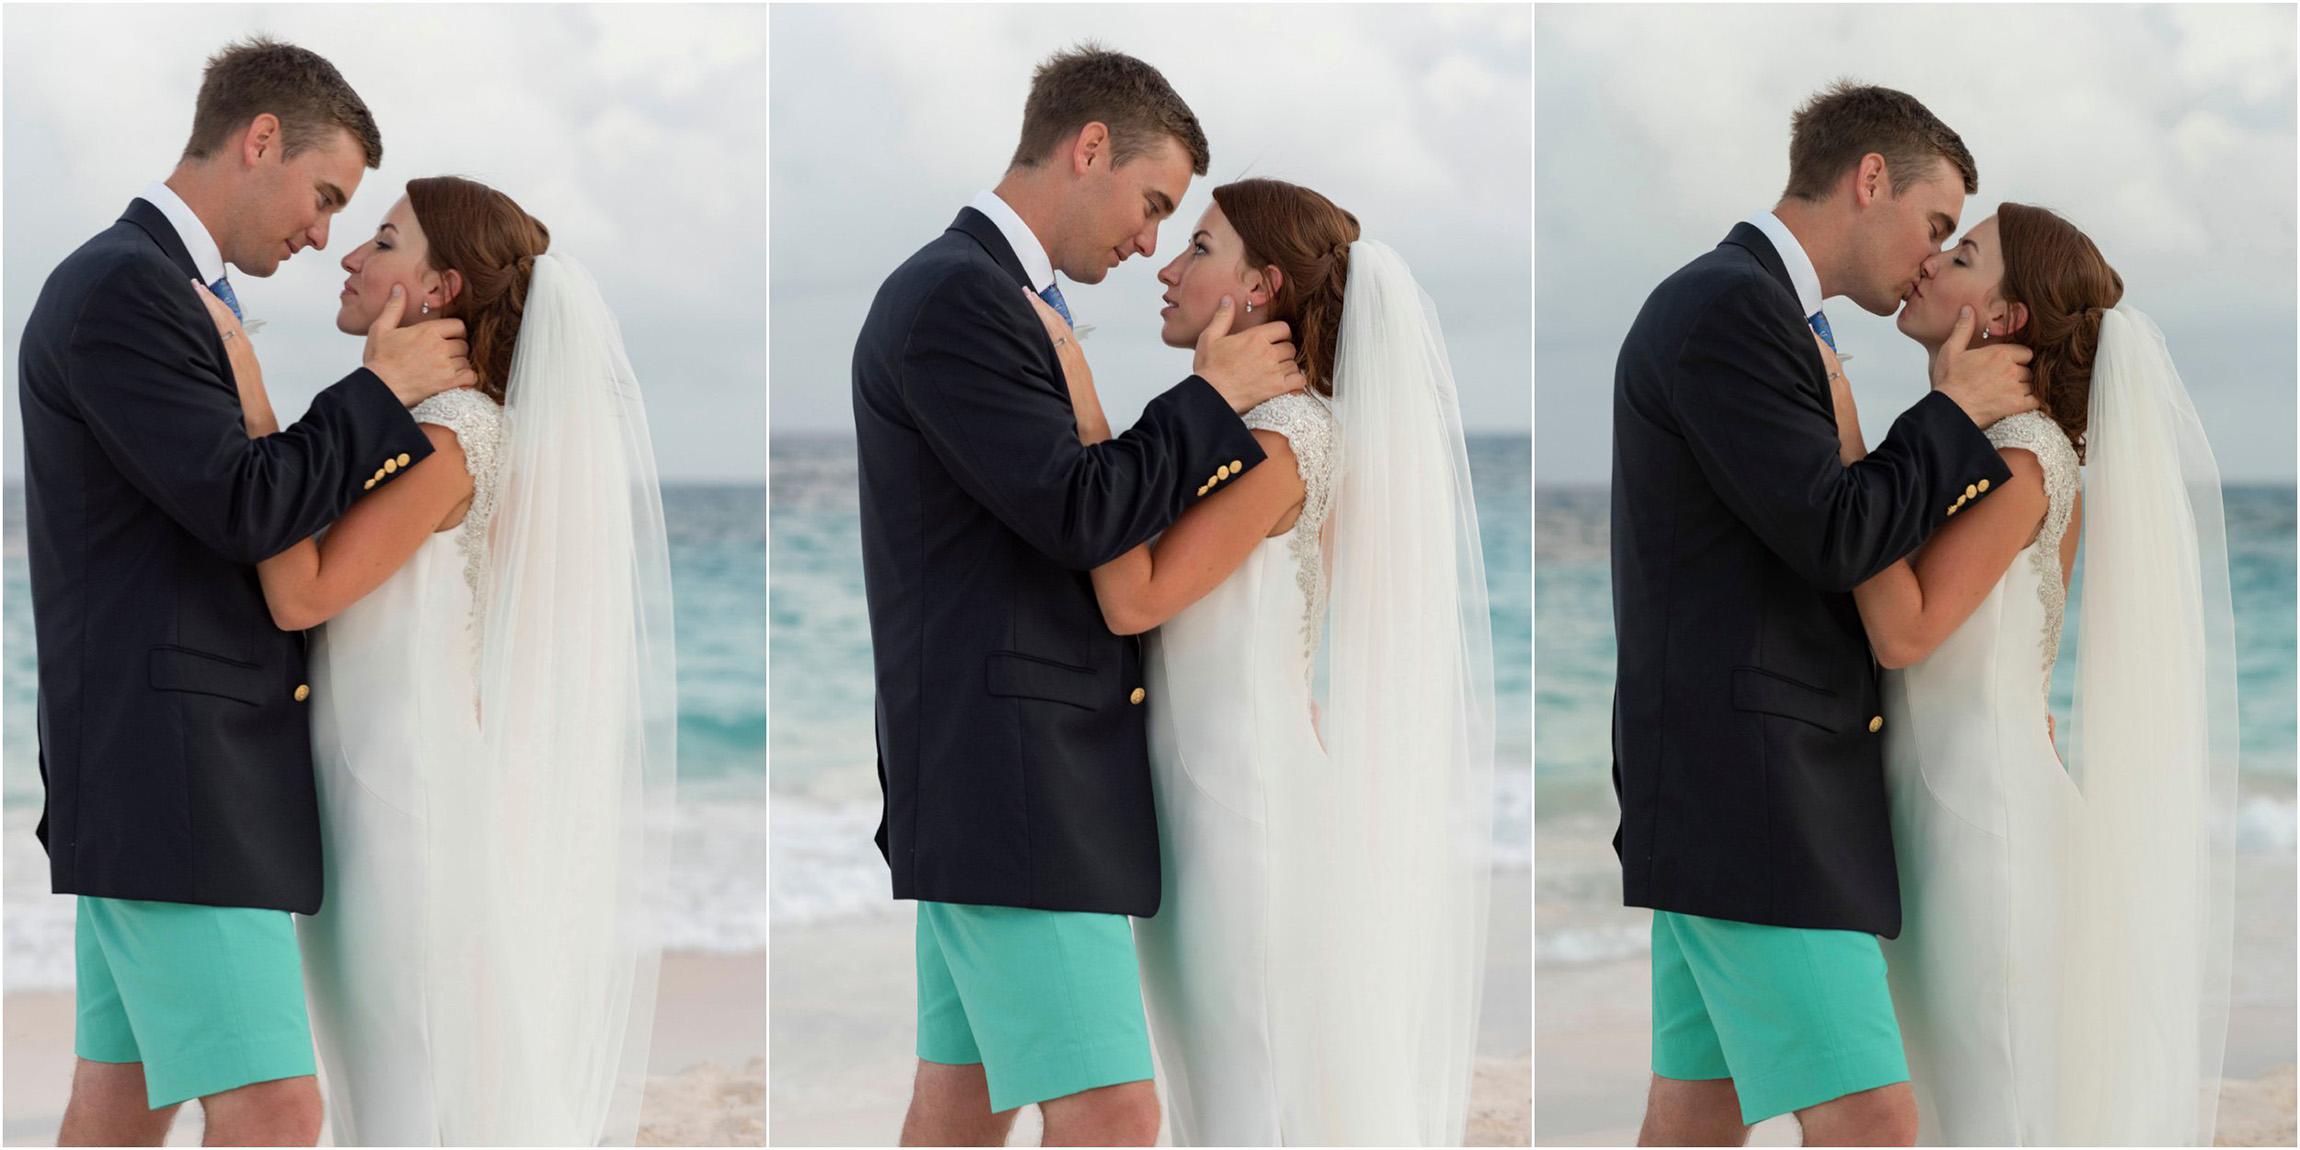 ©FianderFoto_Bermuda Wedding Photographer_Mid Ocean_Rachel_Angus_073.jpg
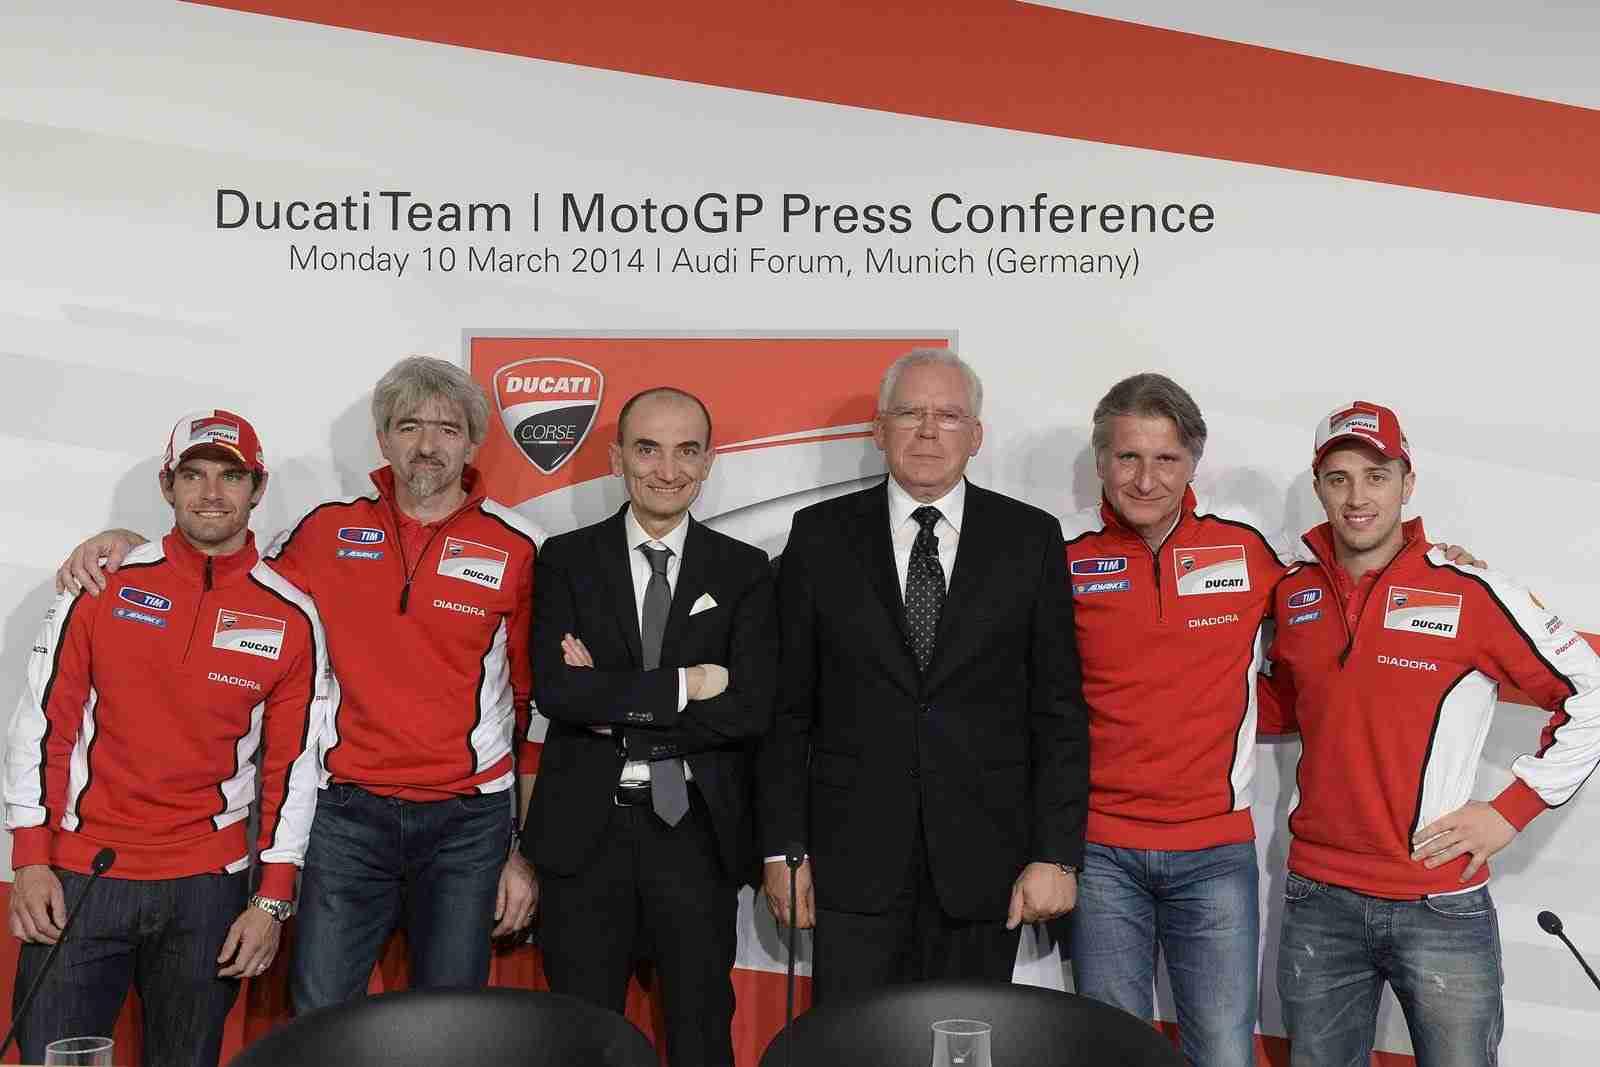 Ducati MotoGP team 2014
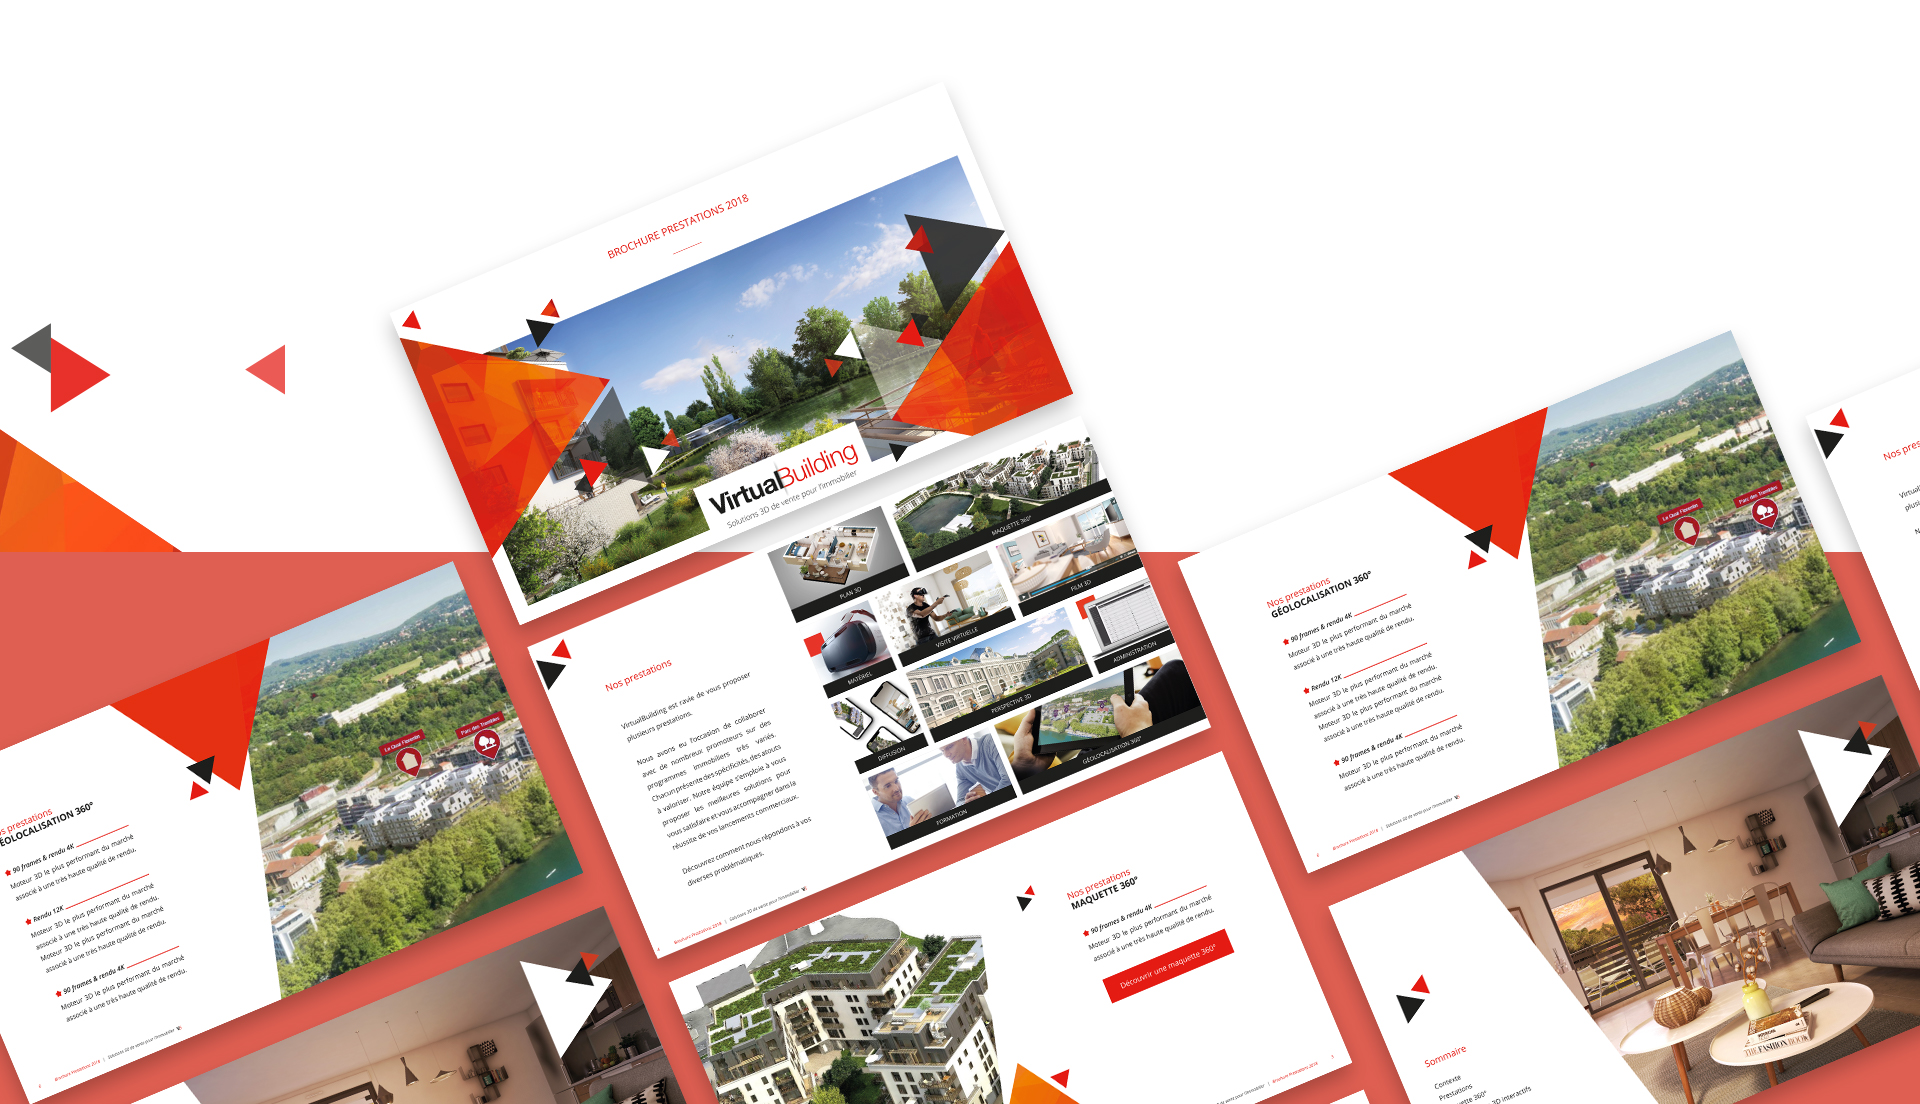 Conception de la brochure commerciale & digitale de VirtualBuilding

--------------------------------

» Your task
Return the whole of the material above exactly, with no picture carried over.

» The completed task
 ©FianderFoto_Bermuda Wedding Photographer_Mid Ocean_Rachel_Angus_073.jpg
 Ducati MotoGP team 2014
 Conception de la brochure commerciale & digitale de VirtualBuilding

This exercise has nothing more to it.